As many of you may already know, pheasants are ground-dwelling birds from the family Phasianidae, along with the peacock, turkey, and quail. Can pheasants fly? That is one of the questions we will be looking at in this article, along with some other basic information about pheasants. Enjoy!
Can pheasants fly? Yes, pheasants are capable of flying short distances but won’t fly unless they feel threatened or want to roost on trees at night. They usually, resort to walking or running. Pheasants are often characterized as ground-dwelling birds because they are rarely observed flying. Flying takes up a lot of their time and energy, which is why it’s not the preferred method of transportation for them.
Are you an amateur birder who has just spotted a pheasant running on the ground? Or are you an expert birdwatcher who is looking to prove some friends wrong? Either way, you’ve come to the right place.
Stay with us till the end of this article, and we’ll tell you everything there is to know about the flight behavior in pheasants.
How fast can pheasants fly?
As you already know by now, pheasants are very reluctant fliers that will resort to flying only in a dire, life-threatening situation. However, what might come as a surprise to you is the speed at which they fly when they are being chased.
The average speed for pheasants when they are cruising varies between 38 to 48 miles per hour. When they are being chased or threatened, they can fly up to an impressive 60 miles per hour, surpassing even the swallows. This is saying something considering swallows, unlike pheasants, are much smaller in size and are highly adapted to staying airborne.
With that being said, the pheasants do not fly for a long period of time. In fact, on average, most of these birds can hardly fly more than 2 kilometers in one go. Are you wondering why? Let me tell you.
Because pheasants are not used to flying, they can’t perform a smooth take-off like other birds. When these birds launch themselves for flight, they run abruptly and noisily, taking a sudden, explosive take-off.
And since their explosive take-off takes a lot of energy, it leaves behind little energy to allow them to fly for a longer period.
At what age do pheasants start flying?
An important thing to know about pheasants is that their eggs and newly-born hatchlings have a high mortality rate. Most of the time, they are destroyed by predators like foxes, badgers, corvids, and sometimes, humans, too.
Now, getting back to the point, the female pheasants lay around a dozen, dark-brown eggs. Interestingly enough, the mother pheasant incubates her eggs all on her own, without any help from the male pheasant.
After the incubation period of about 25 days, their young ones hatch out of these eggs and grow up pretty quickly. While they stay with their parents for about nine weeks, they learn to fly by the second week itself.
Despite the fact that they will fly very little throughout their lives, their parents deem it essential to equip them with this skill as early as any other bird.
Why do pheasants have trouble flying?
As we have already mentioned, although pheasants are capable of flight, they prefer walking to flying. While that might strike as odd to many people, there is a reasonable explanation behind their unusual behavior, which is what we will be discussing in this section.
First off, flying is a high time-consuming affair for the pheasants. This is because these birds have very strong flight muscles, which results in powerful, haphazard, and noisy lift-offs. So, if they’re in a threatening situation, they are more like to outrun it rather than fly away from it. Additionally, as discussed before, flying also takes up a lot of their energy, leaving them exhausted by the end.
Secondly, pheasants are ground-living birds, which means that their diet mostly consists of seeds, insects, and grains, all of which are easily found on the ground. The absence of a nutrition-driven incentive is another reason why these birds are such infrequent fliers.
Are pheasants good runners?
As we have already talked about in this article, pheasants tend to run from most minor threats rather than fly. So, this must mean that they are really fast runners; how else would they escape their predators?

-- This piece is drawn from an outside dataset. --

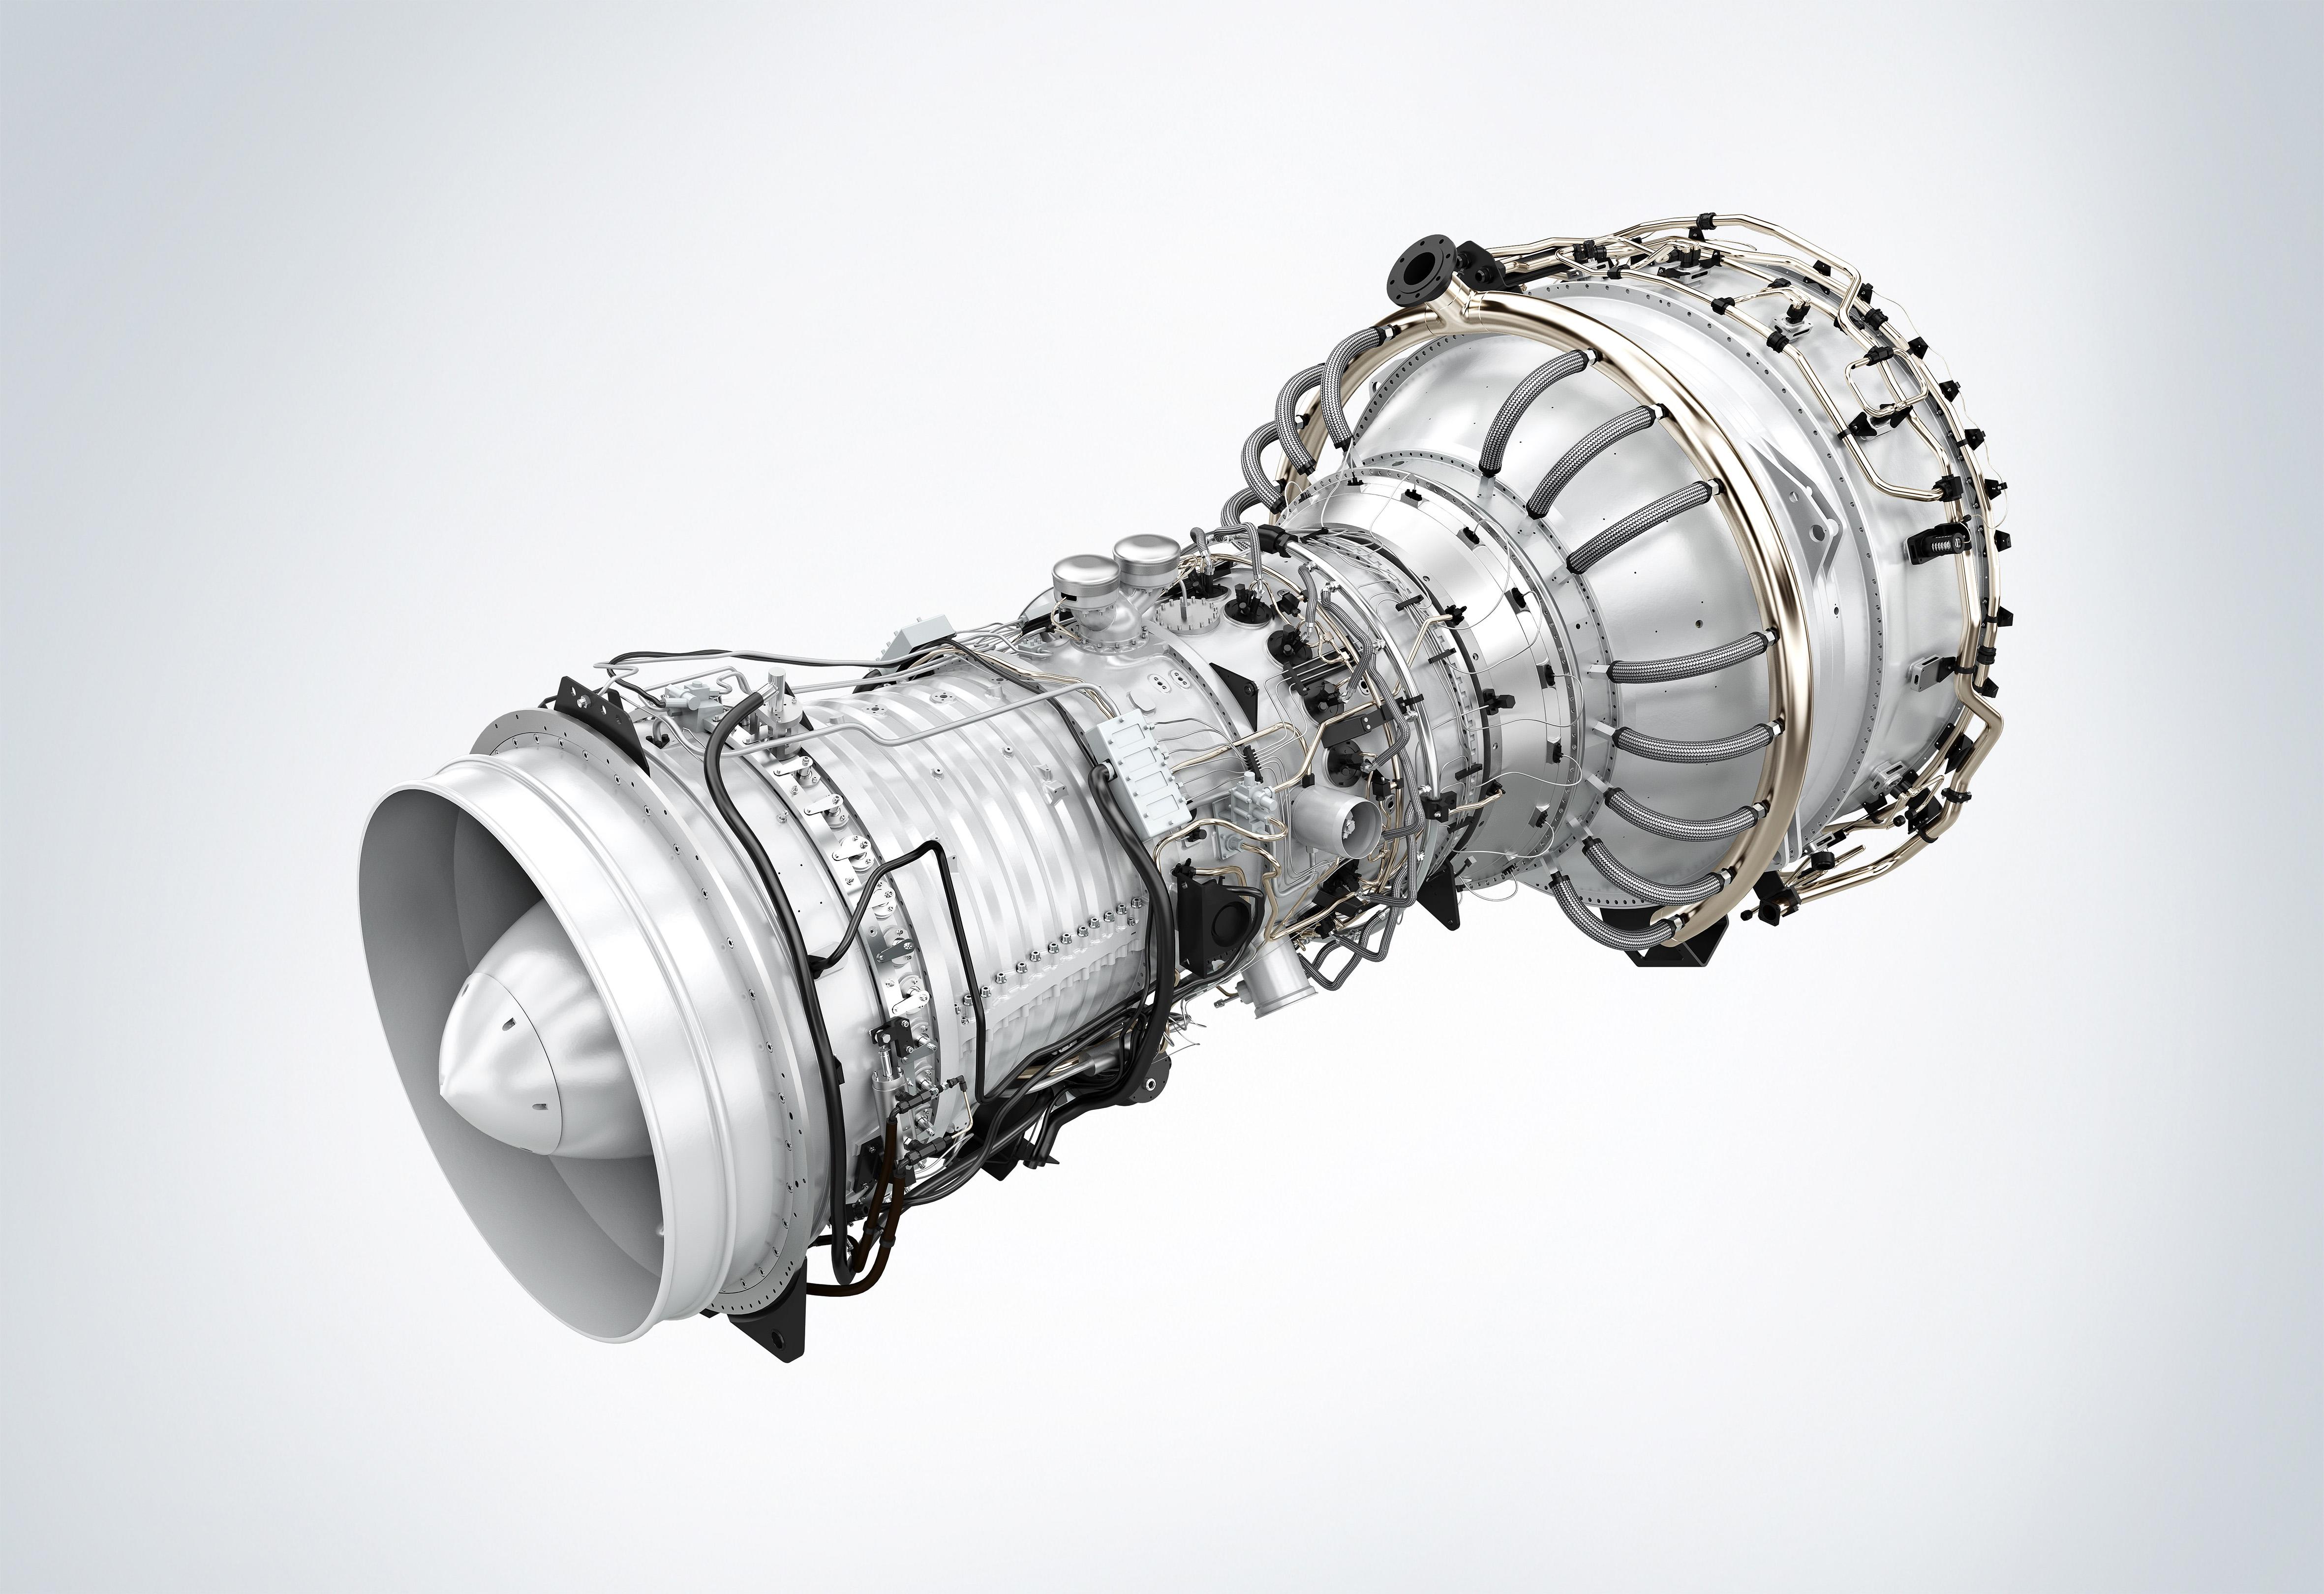 Siemens Presents New Lightweight Aero Derivative Gas Turbine for

Well, these birds are truly blessed in the speed department (seeing their size and weight), and they do not disappoint! Pheasants can run up to 10 miles an hour when chased. Can you believe that?
As we come to the end of this article, let us recap all that we have discussed so far about pheasants. We learned that although these birds are reluctant flyers, and would rather run when faced with danger, they can fly too; and with an impressive speed! They start flying as early as two weeks old but don’t fly away from their parents till they are nine weeks old.
And lastly, while they don’t fly all that much, they can run really fast, which is how they escape their predators.